Also in this embodiment, the rotary blade drive unit 50 is an outer rotor type motor, like the rotary blade drive unit 20 of the first embodiment. However, the rotary blade drive unit 50 has a longer length along the rotary shaft 50a than the rotary blade drive unit 20 of the first embodiment, and its output is large. The rotary blade drive unit 50 has a structure in which a long stator 22 is substantially accommodated in a long rotor 51. The rotor 51 is supported by the stator 52 through a plurality of bearings 53 so as to be rotatable around the rotation shaft 50a.
In addition, the outer rotor type motor of the rotary blade driving unit 50 includes three stators arranged in the axial direction. For example, by using these three stators as U-phase, V-phase, and W-phase magnetic poles, respectively, a motor with higher power and better heat dissipation than other motors of the same diameter is used. Can do.

  A flange 521 for fixing with screws is provided at a lower portion of the stator 52. In the lower part of the stator 52 in the figure, a coupling part 522 with the driving part 31 similar to that in the first embodiment described above is provided. A part of the case 316 of the driving unit 31 is fitted into the cylindrical coupling unit 522 and fixed integrally. A guide pipe 523 that extends coaxially with the rotary shaft 50a of the rotor blade 10 and accommodates guide rods and rod screws (to be described later) in the pitch changing mechanism 60 of the present embodiment is provided at the center of the stator 52. ing.

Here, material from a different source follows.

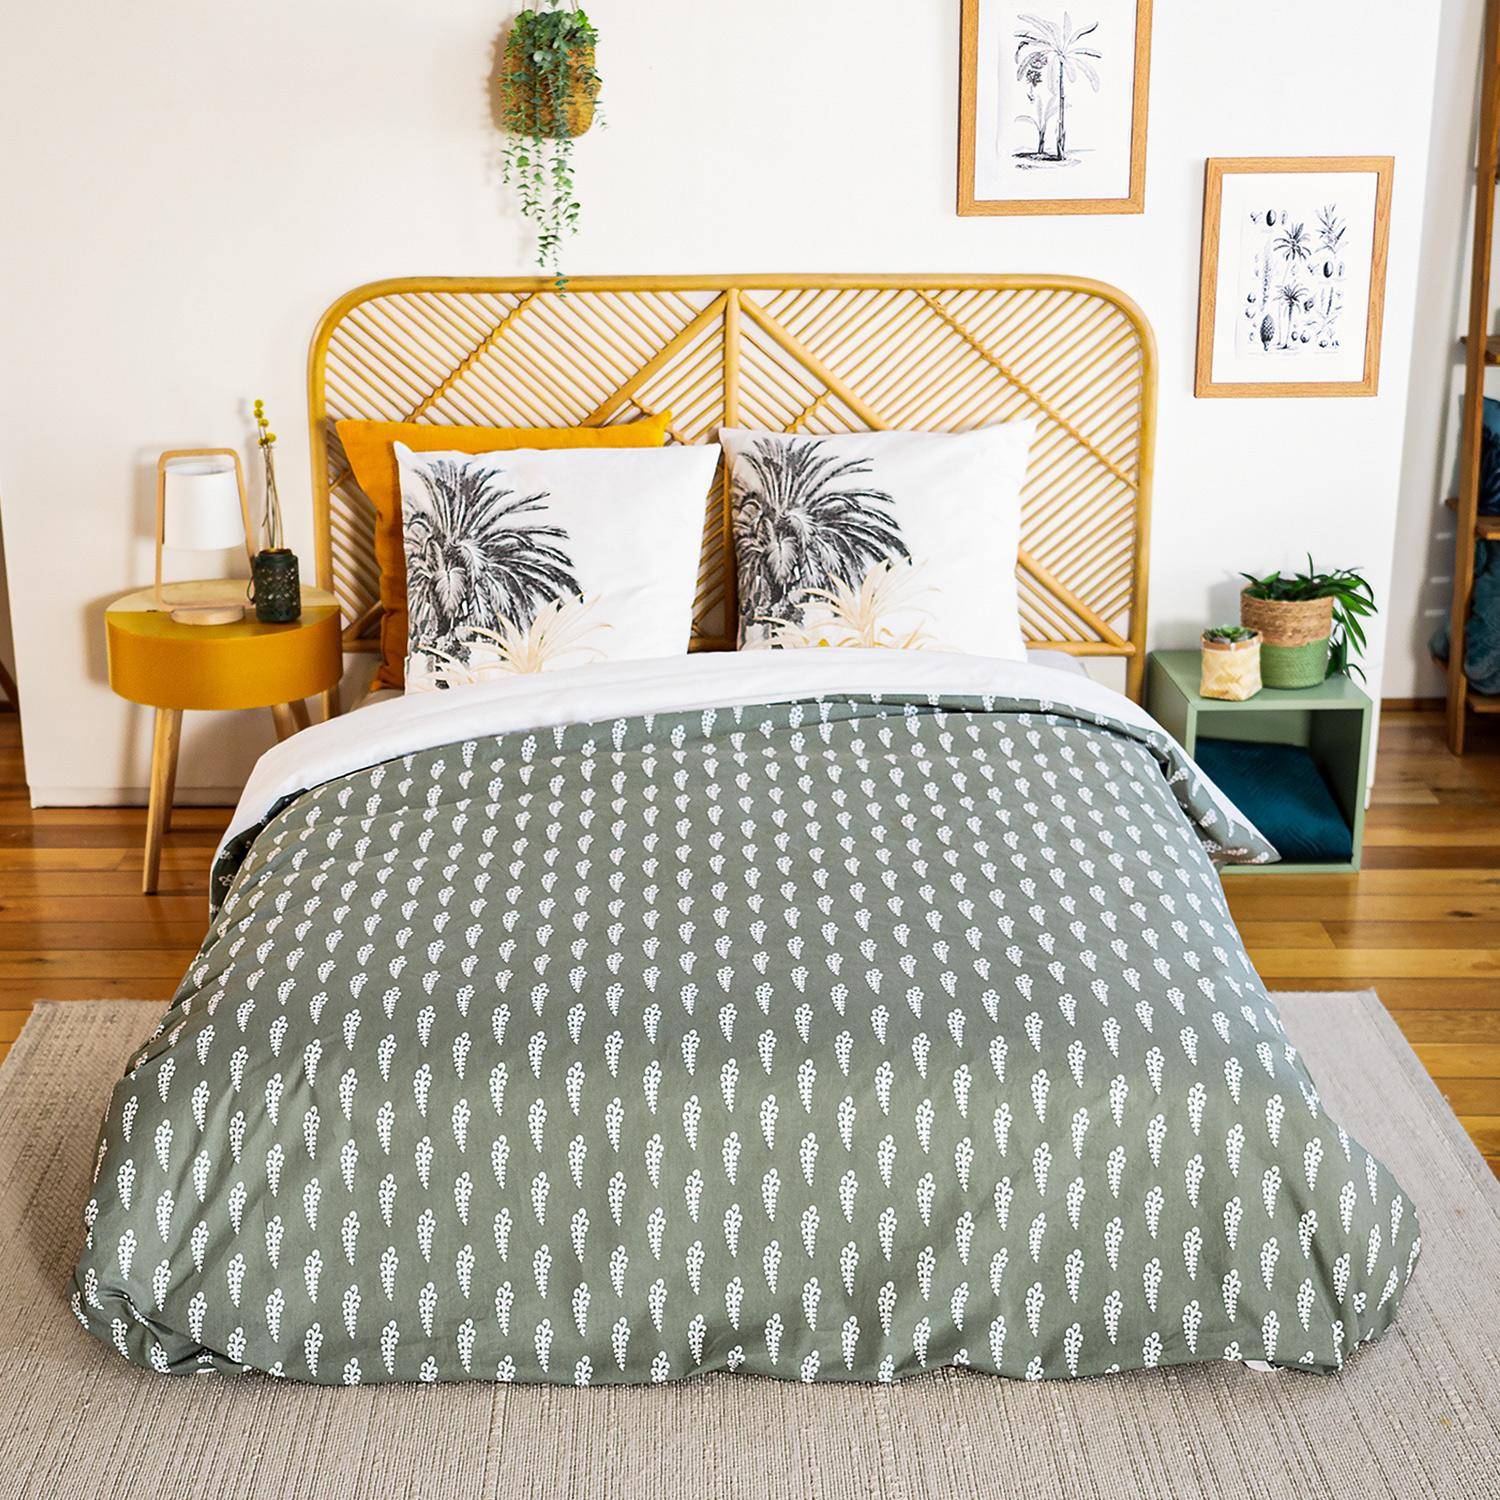 Wendebettwäsche-Set mit Palmenmotiven aus weicher Baumwolle, Palmera, 1 Bettbezug, 2 Kissenbezüge 260x240cm Photo2

  7 is a diagram showing the pitch changing mechanism extracted from FIG. 6A, and FIG. 8 is a diagram showing the pitch changing mechanism extracted from FIG. 6B. FIG. 9 is an exploded view of the pitch changing mechanism shown in FIG. 7 to 9, the same components as those shown in FIGS. 2 to 4 for the first embodiment are denoted by the same reference numerals as those in FIGS. In the following, redundant description of these equivalent components is also omitted.

  The pitch changing mechanism 60 of the present embodiment includes a drive unit 31 and two arm members 33 similar to those in the first embodiment, and a rectilinear member 62 and a bar screw 64 that are different from those in the first embodiment.

  Also in this embodiment, the output shaft member 312 of the drive unit 31 has one end exposed to the outside of the case 316 and one end of a rod screw 64 extending coaxially with the rotation shaft 50 a of the rotary blade 10 via the joint 35. Connected. As a result, the bar screw 64 receives the rotational driving force from the driving unit 31 and rotates about the same axis as the rotary shaft 50 a of the rotary blade 10.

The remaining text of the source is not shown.